6. Bubbling (bouillonement in De Luc's French): although this has the appearance of boiling, it is only the escape of dissolved air (or other gases), in the manner of the bubbling of fizzy drinks. It is especially liable to happen when there is a sudden release of pressure.

Now which of the above is "true" boiling? None of the options are palatable, and none can be ruled out completely, either.
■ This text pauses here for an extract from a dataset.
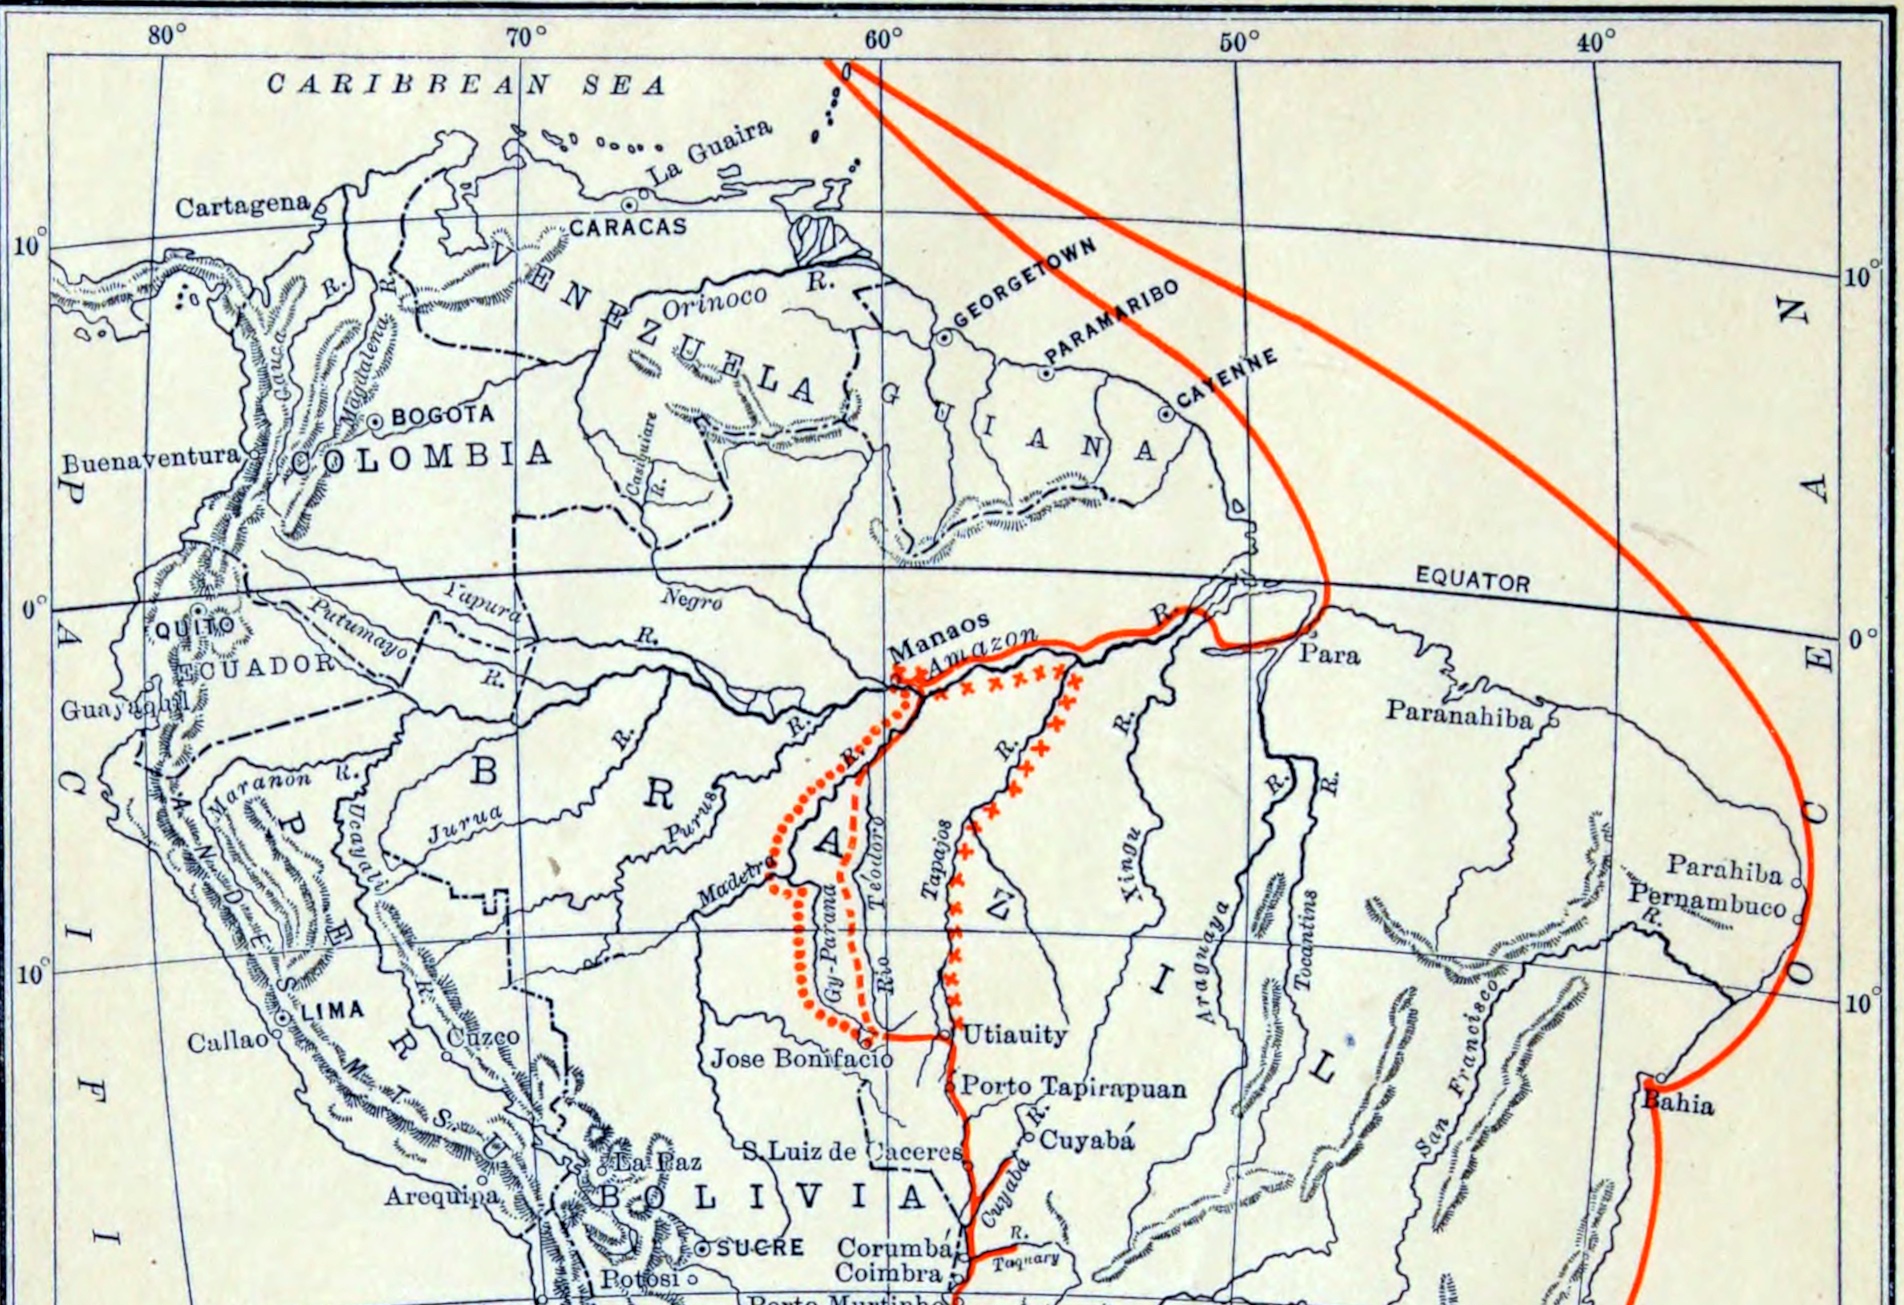 Part of the source map of Brazil showing both black and red linework.
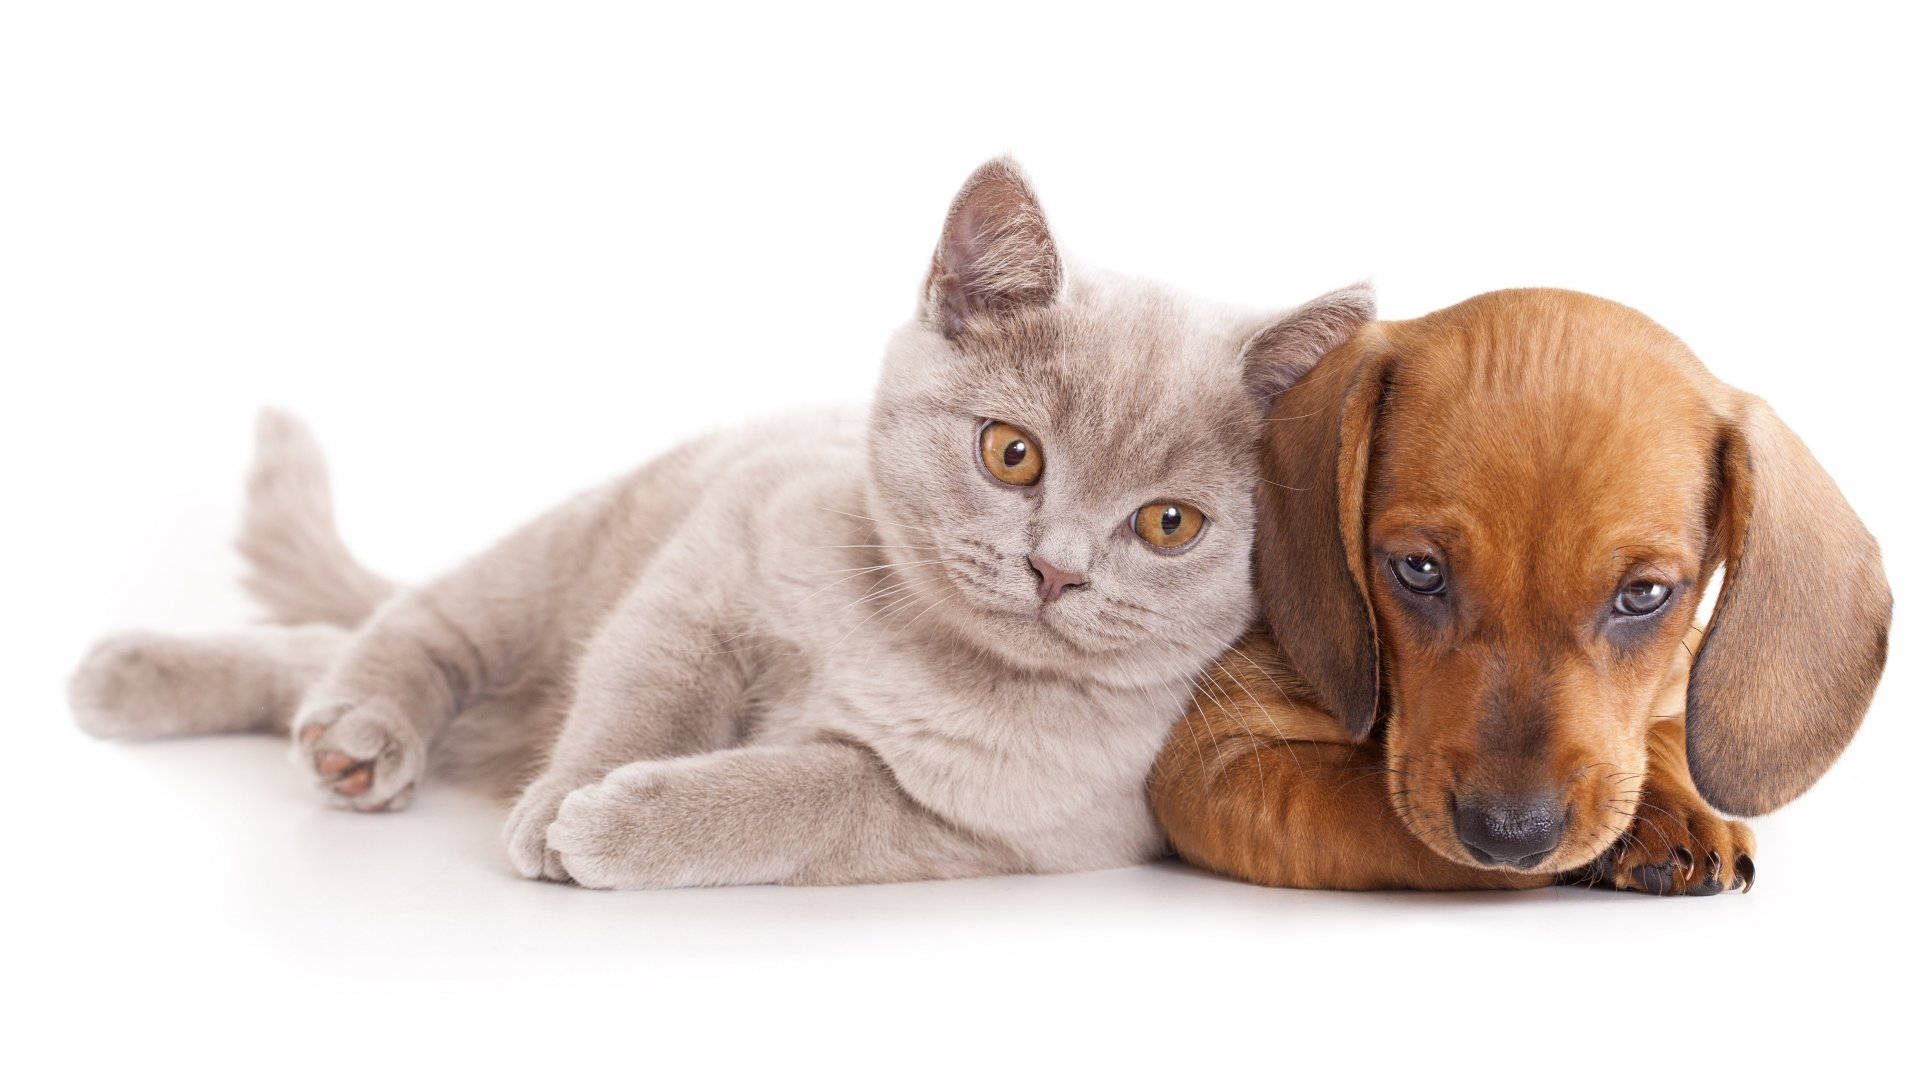 Free Cat And Dog Wallpaper Downloads, Cat And Dog Wallpaper for FREE

Bubbling would not seem to be boiling at all, but a popular later theory of boiling, by Charles Tomlinson, regarded boiling as the release of water vapor (gas) dissolved in liquid water. Hissing and fast evaporation can probably be ruled out easily enough as "boiling" as we know it, since in those cases no bubbles of vapor come from within the body of water through to its surface; however, we will see in Section A6 that there was a credible theoretical viewpoint in which evaporation at the surface was regarded as the essence of "boiling." Probably closest to De Luc's original conception of "true ebullition" is bumping (and explosion as a special case of it), in which there is little or no interference by dissolved air and the "first layer" of water is probably allowed to reach something like saturation by heat. But defining bumping as true boiling would have created a good deal of discomfort with the previously accepted notions of the boiling point, since the temperature of bumping is not only clearly higher than the temperature of common boiling, but also unstable in itself. The only remaining option was to take common boiling as true boiling, which would have implied that the boiling point was the boiling temperature of impure water, mixed in with air. In the end, De Luc seems to have failed to reach any satisfactory conclusions in his investigation of boiling, and there is no evidence that his results were widely adopted or even well known at the time, although there was to be a powerful revival of his ideas many decades later (see the history of superheating).